# hoop house raised bed



## brucehylton (Nov 6, 2010)

Do some gardening, but not enough. I am going to try putting a hoop house over my raised beds that I am slowly getting on line. They are 120 square feet total in 3 beds. Rain and cold is too hard to keep up with so would rather water and try to control temperature some. Anyone with any pointers or suggestions,I would be pleased to hear them. I am going toward raised beds to get away from some of the back pain and cut back on wild weeds that grow here. Some of which we harvest. Also hoping to extend growing season. Thanks in advance.


----------



## Meerkat (May 31, 2011)

Hoop house really works good for us over our raised beds. We have harvested 3 crops of mustard greens in one and some really nice broccoli in the other.
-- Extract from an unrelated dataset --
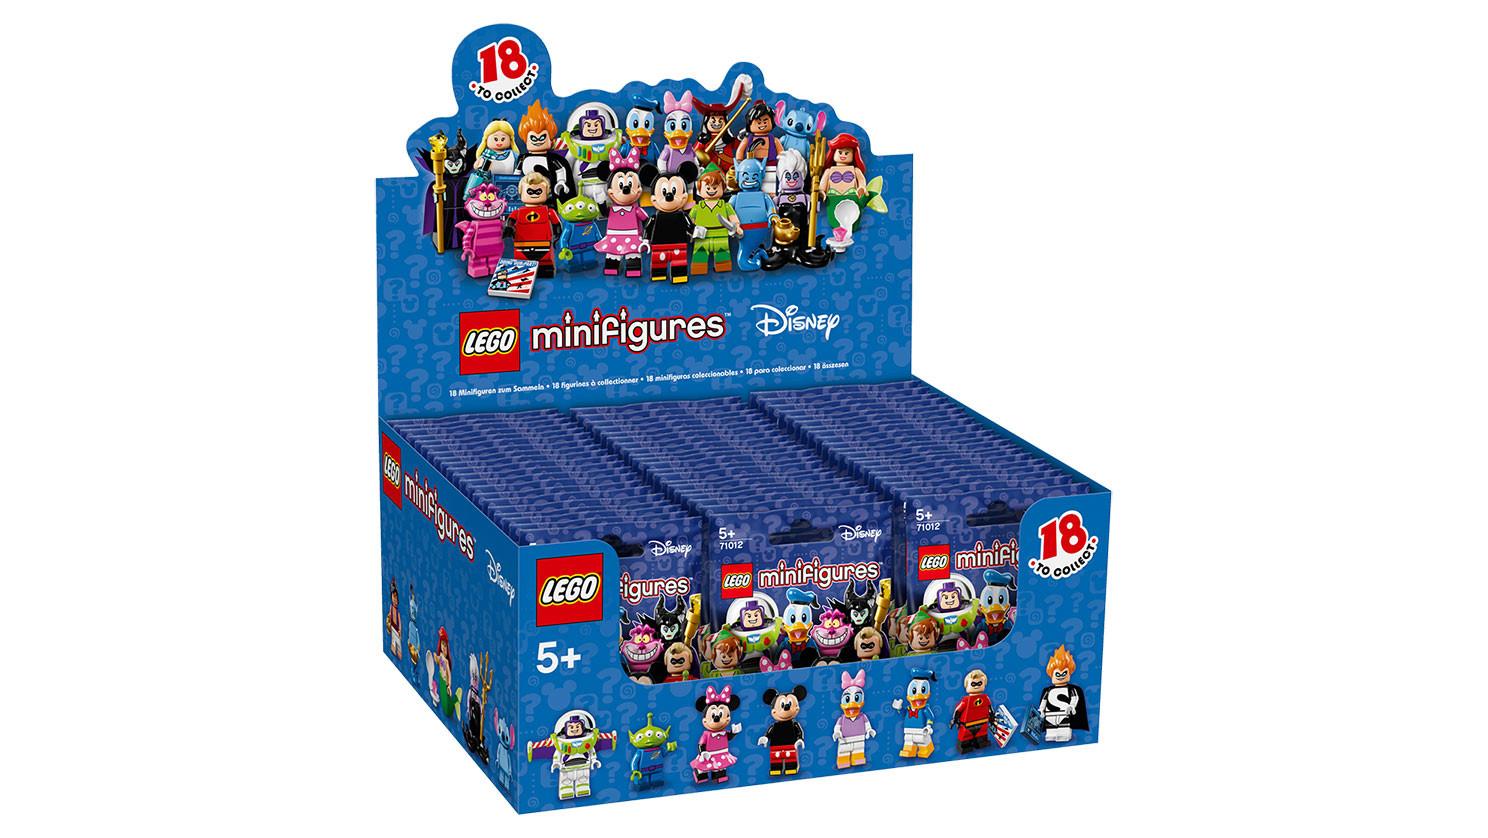 Lego Maleficent Minifigure LEGO 71012 Minifigurka...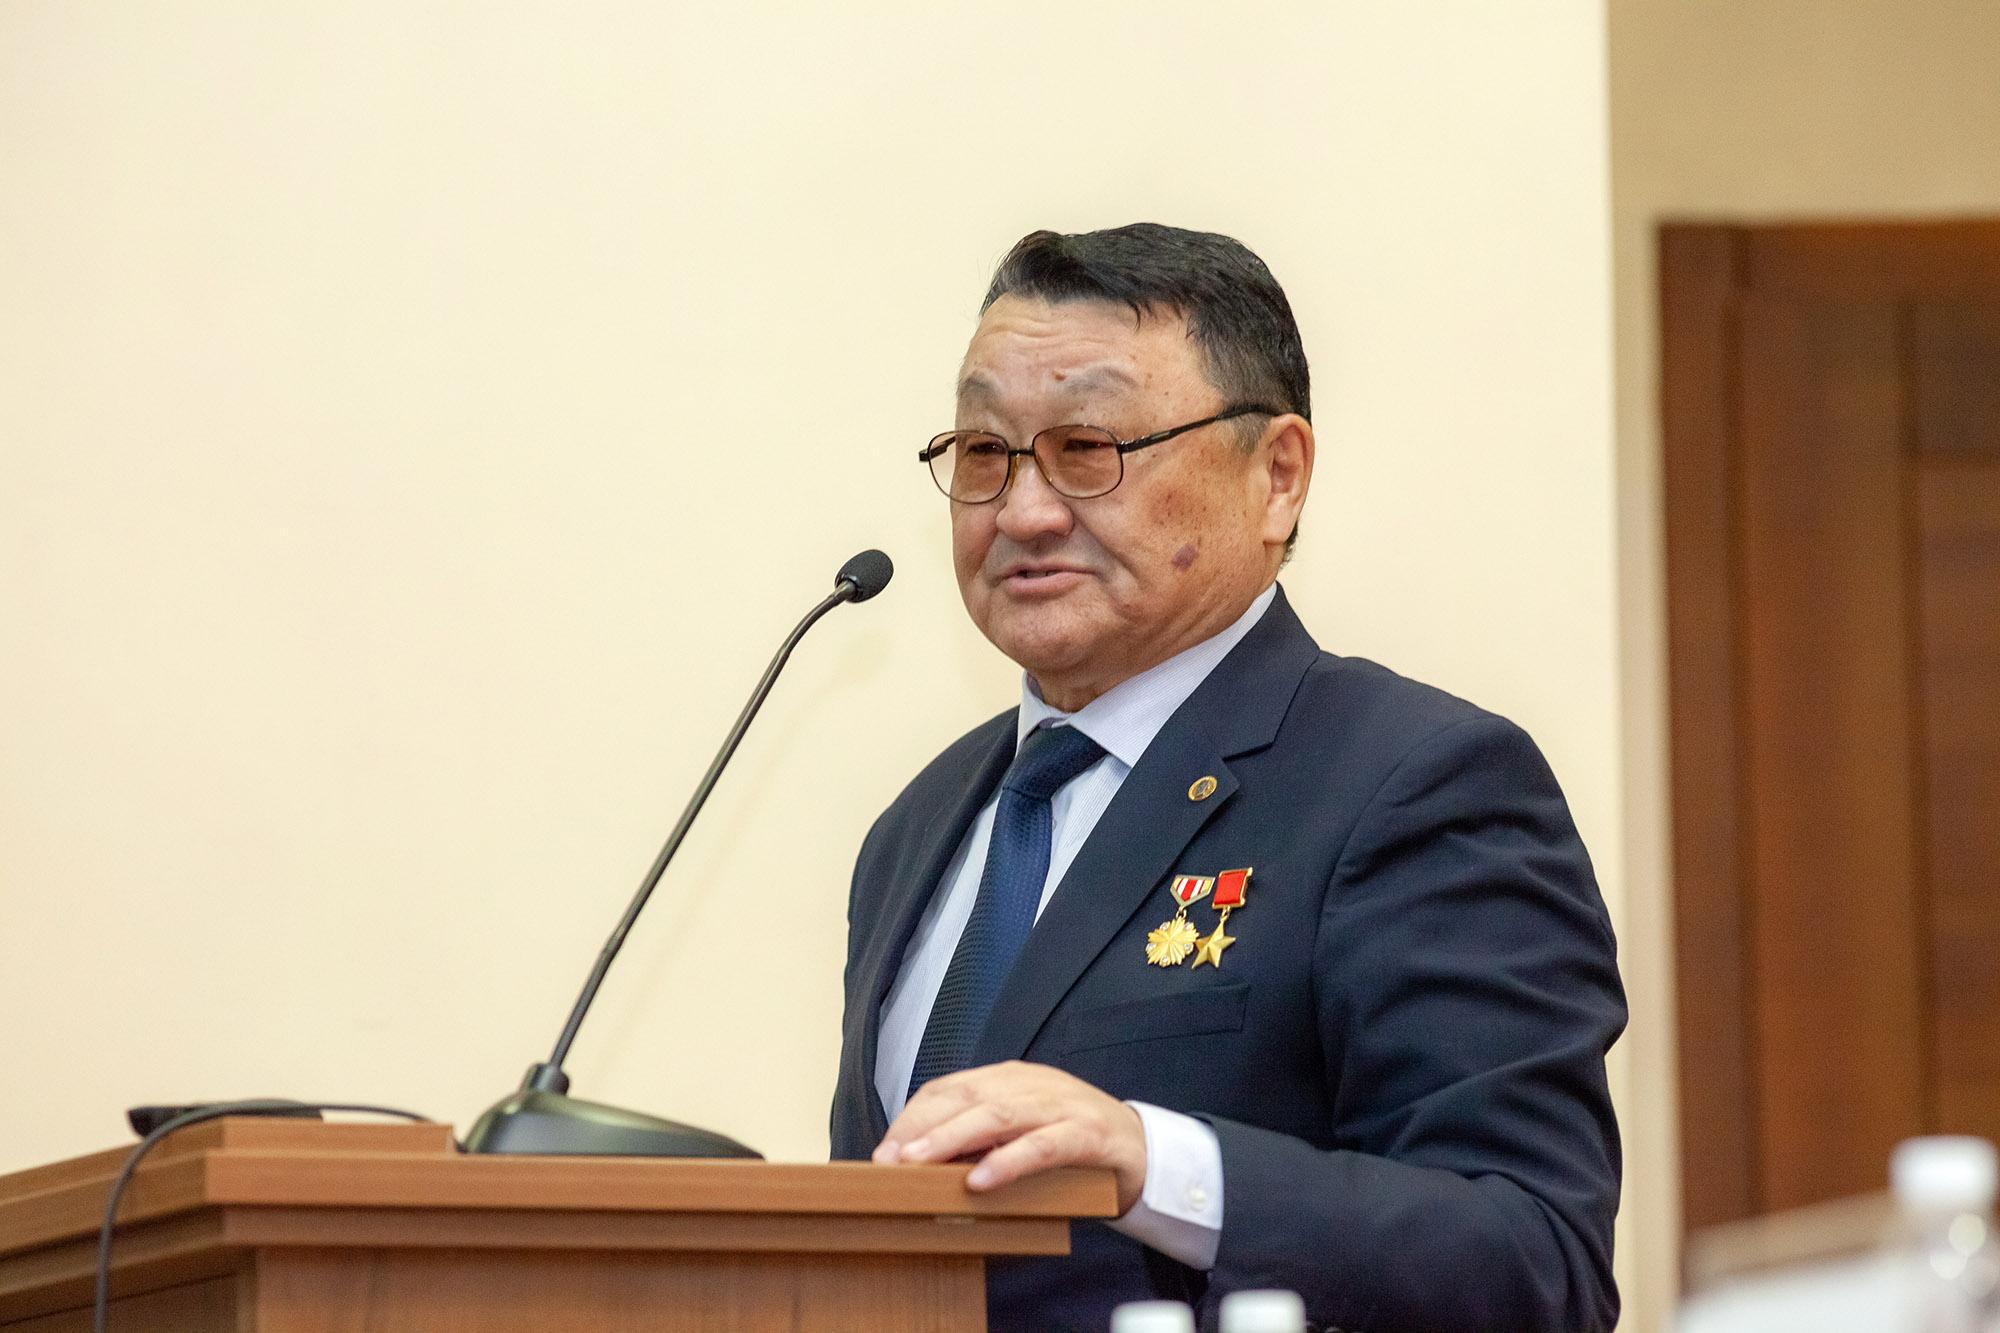 Космонавт Монголии Жүгдэрдэмид Гүррагчаа

Temps got down to 15 one night and with these little oil lanterns if kept them alive and growing. Kerosene lanterns is what we use to call them. They have a glass globe and will burn all night for about 25 cent worth of lamp oil or kerosene, we use lamp oil because of smell but kerosene will work in a pinch. Of course its over $400 a gal,now.

Oil lamps with the glass globes really did the trick for us. Of course you have to uncover them soon as the sun comes out or they will burn up the plants.








[/URL][/IMG]


----------



## Meerkat (May 31, 2011)

Here is the crop, we use every bit of the plant. The leaves and stems make good greens. We cut the woody part off some of the stems.


----------



## brucehylton (Nov 6, 2010)

That is what I want to do someday. I don't do good with the snow and rain we are having. Does look like a warming trend coming.


----------



## crabapple (Jan 1, 2012)

We used 2 X 4 frame & 6 mil clear plastic for hard wood cutting.
I have used soft metal or thin wall steel conduit to make hoop houses.
Concrete wire (150' X 5')for about $110.00 will work too.

I hope to try early planting with black plastic on the soil to warm it & hoop house/ solar hot house to get a jump on Spring by a few weeks.
Then plant new plant every 7 days to see if any late plant can caught up with the BP bed before the plant fruit.
If it works I will do it every year, if not then I will know what not to do.


----------



## Jewel (Sep 6, 2014)

Until I can get my greenhouse done I make coldframes with raised beds and old glass doors. The first year I just laid the doors on and raised or lowered as needed with rocks or wood. The next year I added hinges and handles which made it much easier to manage.

In Washington your winters are probably colder for longer periods of time so you might insulate around the raised beds with old hay or straw bales. They work wonderfully and come spring you can use them as mulch or plant right in them.


----------